Nach dem 11. September waren plötzlich die Nationalstaaten wieder die Hauptakteure. Von der NATO war wenig zu vernehmen, von der EU fast gar nichts. Dabei ist gerade jetzt mehr Zusammenarbeit und Integration gefragt. Nur gemeinsam können wir Europäer unsere Interessen wirkungsvoll wahrnehmen und unserer Verantwortung für den Zustand dieser Welt gerecht werden. Dem Konvent, den der Gipfel in Laeken beschlossen hat, muss es gelingen, eine Ordnung zu entwerfen, in der sich Vielfalt in Europa durch eine Bewahrung nationaler Eigenständigkeit mit Handlungsfähigkeit auf den Feldern von Sicherheit und Wirtschaft verbindet. In dieser Ordnung müssen europäische Entscheidungen durch demokratisch legitimierte europäische Institutionen getroffen werden, was eine klare Unterscheidung zwischen europäischen und nationalen Zuständigkeiten voraussetzt. Je überzeugender der Entwurf des Konvents, umso weniger werden sich nationale Regierungen einem solchen Konzept verweigern können.
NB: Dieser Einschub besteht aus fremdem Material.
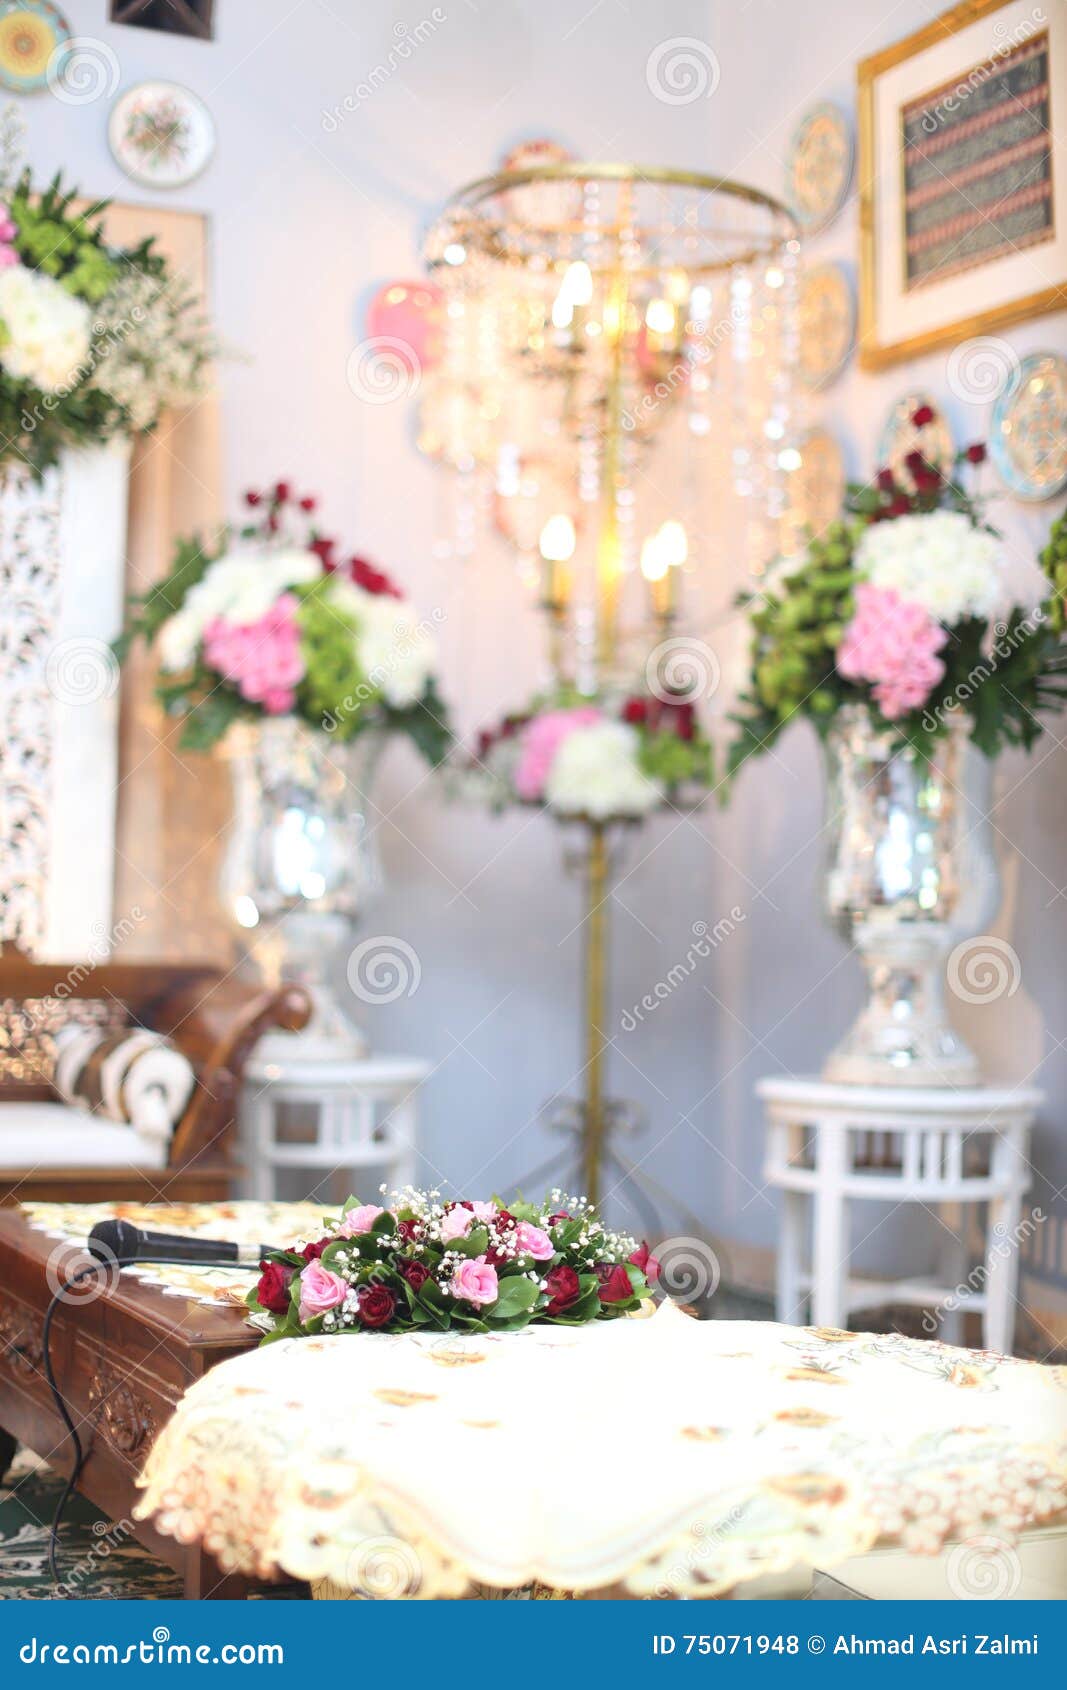 Moslemische Hochzeits-Zeremonie. Raum für moslemische Hochzeitszeremonie

Der 11. September hat die grundlegenden Werte von Freiheit, Demokratie und Menschenrechten bedroht. Sollen sie verteidigt werden, müssen sie ernst genommen werden. Menschenwürde und Gerechtigkeit, Solidarität und Toleranz, im Grundsätzlichen und weltweit, aber auch ganz konkret zu Hause und im Alltag. Je besser das gelingt, umso mehr ist Hoffnung für das Jahr 2002.